Trump And The Military

Writing in the NYT, Steven Simon and Jonathan Stevenson warn:

President-elect Trump will almost certainly seek to have ideologically and temperamentally sympathetic colonels and captains promoted so that they would be responsive to his potential direction, with the support of a like-minded secretary of defense and attorney general. The fear is that, as Mr. Trump reiterates his preferences, promotion boards and lists alike could become stacked with acolytes, whereupon a constitutionally corrupted military could quickly become a fait accompli.

The Many Problems With Kash Patel

  • ABC News: Contrary to a lot of speculation, Chris Wray’s resignation doesn’t really change the equation on whom Trump can appoint to lead the FBI in the short or long term.
  • B-E-N-G-H-A-Z-I: David Corn reports that Patel’s own book “embellished” his role in the Benghazi case, while the NYT says he “exaggerated his own importance and misleadingly distorted the [Justice D]epartment’s broader effort.”
  • Ankush Khardori: “His nomination poses a considerable and unjustifiable risk to the country.”

Trump II Clown Show

  • Former Rep. Devin Nunes (R-CA), CEO of Truth social: chair of the President’s Intelligence Advisory Board
  • Former acting DNI Richard Grenell: envoy for special missions
  • HHS nominee Robert F. Kennedy Jr. is on the Hill this week meeting with GOP senators and playing down his anti-vaccine and pro-abortion rights stances.

Nepotism Watch

It’s not clear if Florida Gov. Ron DeSantis (R) will acquiesce to Trump’s push to give his daughter-in-law Lara Trump Marco Rubio’s Senate seat if he’s confirmed as secretary of state, but he’s seriously considering it.

Good Read

TPM’s Josh Kovensky: Inside The Plot To Write Birthright Citizenship Out Of The Constitution

Chesebro Loses Bid To Vacate Guilty Plea

Kenneth Chesebro’s attempt to get out of his previous guilty plea in the George RICO case went nowhere with the trial judge.

Pelosi Breaks Hip In Fall

Rep. Nancy Pelosi (D-CA), 84, is recovering from hip replacement surgery after breaking her hip in a fall in Luxembourg, where she was commemorating the 80th anniversary of the Battle of the Bulge.

A New Battlefront In The Abortion Wars

The Guardian:

The Texas attorney general, Ken Paxton, has sued a New York doctor over accusations that she mailed abortion pills to a Texas woman in defiance of the state’s ban on the procedure.

The lawsuit will test the power of “shield laws”, a post-Roe v Wade strategy designed to protect abortion providers and enable access to pills for women in states that have banned abortion.

Chris Geidner has more on this combination of “propaganda effort and an attempt to push the law further right.”

Excerpt Of The Day

Toby Buckle, on how the disease of affluence rather than economic anxiety explains the rise of Trumpism:

Americans are prosperous, but without any deep sense of obligations to others.

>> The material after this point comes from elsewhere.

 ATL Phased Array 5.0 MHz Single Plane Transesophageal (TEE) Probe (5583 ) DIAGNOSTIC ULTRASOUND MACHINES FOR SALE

We are a highly commercial, individualist people, and when we let go of even a thin liberal conception of the public good, we become nasty, petty, small, vindictive and irrational. 

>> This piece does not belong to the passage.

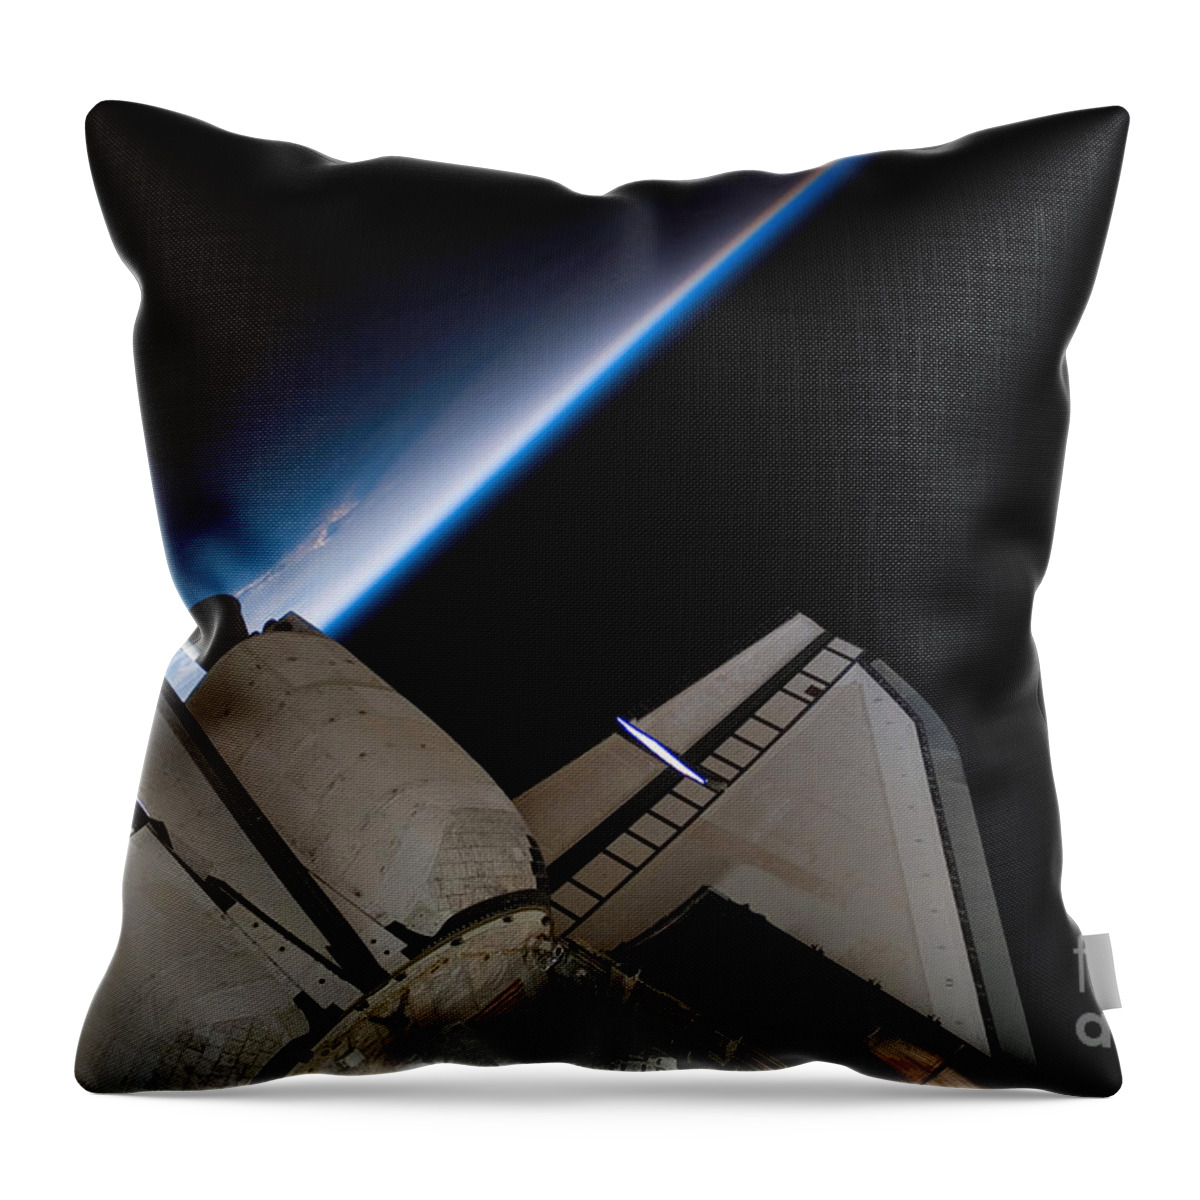 Airglow Throw Pillow featuring the photograph Space Shuttle Endeavour Backdropped by Stocktrek Images

The American Republic has been pulled down, possibly past the point of no return, by affluent people. People who have lives their ancestors would have literally killed for. Who on average spend 10% of their pay on groceries, the lowest in the country’s history, not to mention human history. Who are lashing out at others at the slightest inconvenience, because they want to lash out at others.